Thursday, January 5, 2012

On A Snooze Day: A Theater Review


I've been doing a lot of trips to the theater during my brief stay in New York, and I feel obligated to review everything I've seen.  But its really hard when a show is as simply boring as On A Clear Day You Can See Forever is.  It's the sleepiest show that I've ever seen that I didn't actually fall asleep during.  I'm going to try to organize my thoughts though.  Just in case you are the one person dying to see this.

The concept of this version of On A Clear Day centers around David (David Turner), a twenty-something florist who is good with flowers but bad with people.  He has trouble fully committing to his sweet boyfriend Warren (Drew Gehling) and eventually winds up trying to solve his problems through hypnosis with therapist Mark Bruckner (Harry Connick Jr).  Mark is a widower who has his own issues connecting with people.  Mark slowly finds himself mesmerized by Melinda (Jessie Mueller), the woman from a former life that David turns into under hypnosis.  Of course Mark's interest in Melinda makes David think he likes him, leading everyone to be in love with someone they can't have.  David finally learns why Mark has been so interested in their sessions and eventually returns to Warren, while Mark claims to have learned something from the whole ordeal (What?  I don't know) and is ready to finally move on.
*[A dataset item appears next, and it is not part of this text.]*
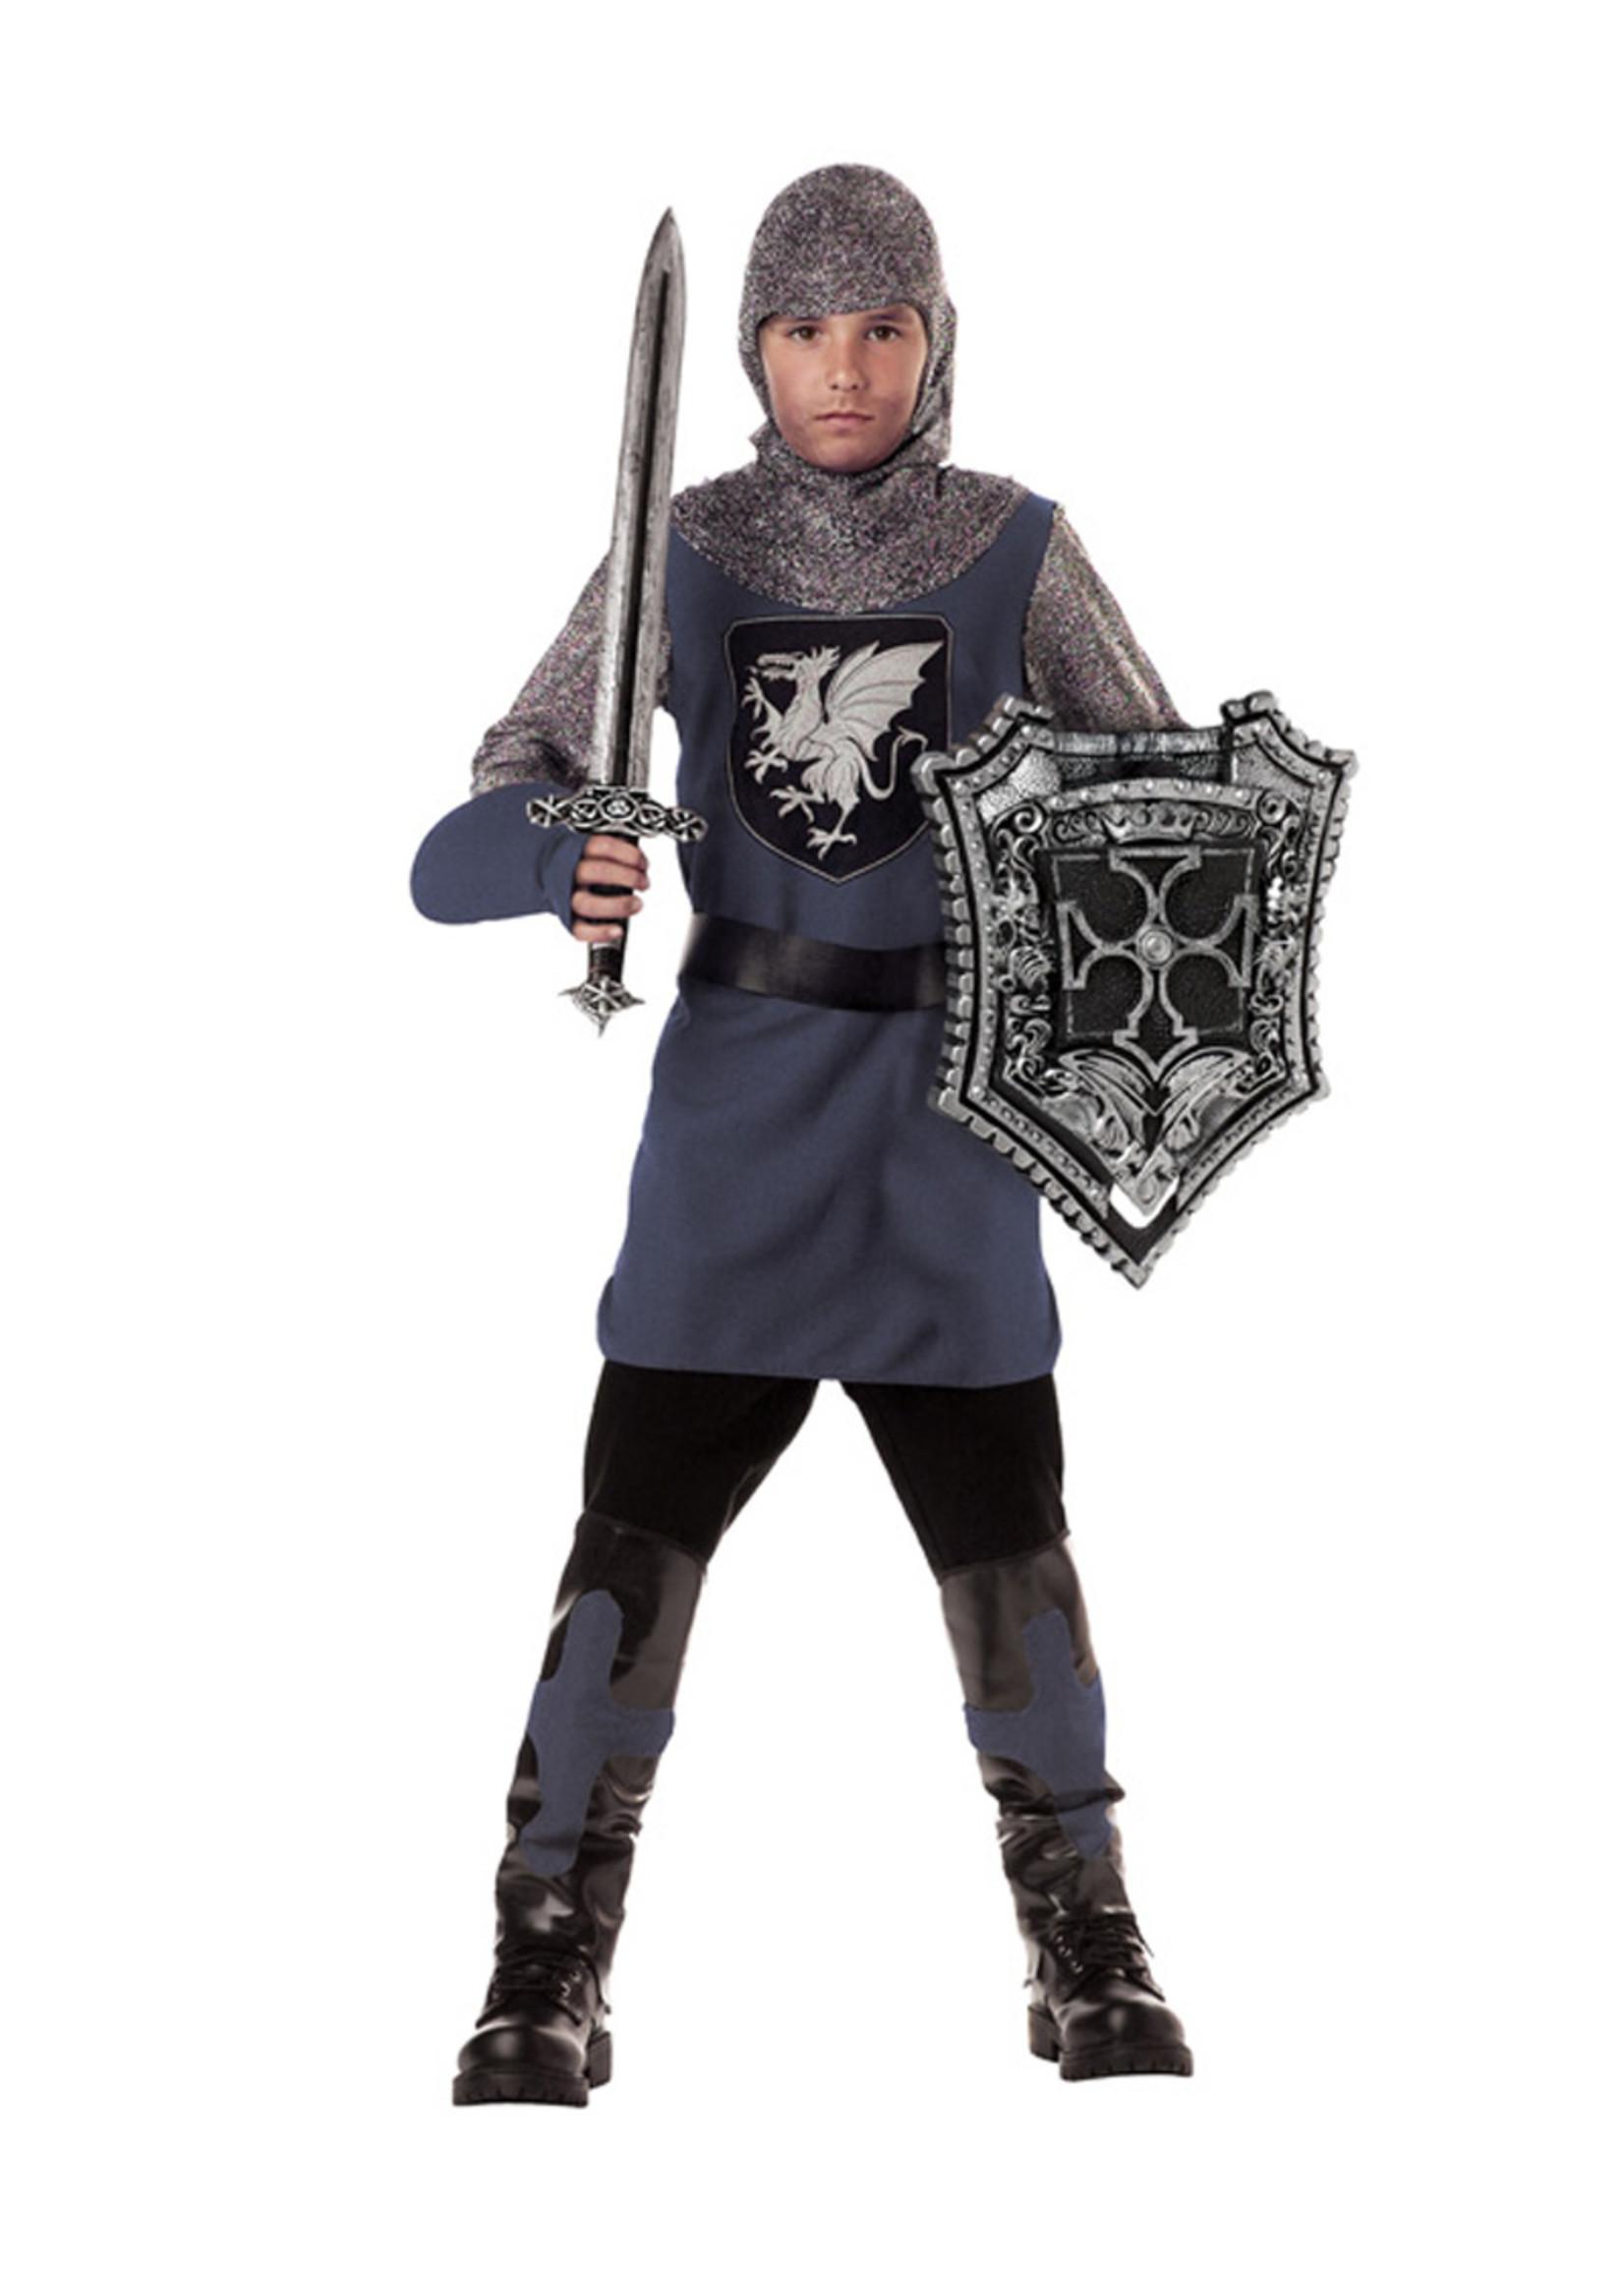 Valiant Knight Costume - Boys

I typically like director Michael Mayer a lot.  Thoroughly Modern Millie, Spring Awakening and American Idiot  are some of my favorite musicals.  I also respect trying to do something different with a piece of pre-existing theater.  In this case however, I'm not sure if was worth the while.  On A Clear Day was originally written with a female protagonist and while switching the gender so that the love triangle involves a gay man pining after a straight man pining after a dead woman makes things a little unique, it doesn't better or further the story.  I'm sure that as it was originally written, there was a thought in the audiences' mind that Mark may indeed end up with his patient.  Connick plays the role here so that Mark never doubts his own sexuality, not even after kissing David.  You never believe he has any interest in his subject other than him being  a vehicle for Melinda.  It's like how Demi Moore never acknowledges that she is really dancing with Whoopi Goldberg.  Knowing exactly how this has to end for everyone gives the whole thing absolutely no stakes.  I have no idea why we are supposed to care.

The characters don't make it any easier and the actors don't put all that much into playing them.  Harry Connick Jr. has that lovely voice, but he kind of seemed to be sleepwalking through the show.  Maybe that's because Mark is sleepwalking through life, but I never felt his love for Melinda, nor his remorse for what he had done at the end.  Turner fares even worse as David.  The character comes across as immature and selfish and when Mark later refers to him as charming and charismatic I was certain that he was watching a different play.  Mueller has a great voice and made Melinda likeable, but I could never quite warm to her character knowing she was a weird not real/dead hybrid.  Gehling was nice as the put upon boyfriend and I hear that he is a lovely person, so he gets props for that.  But truthfully, no amount of talent could make this show interesting.  The odds were stacked against them.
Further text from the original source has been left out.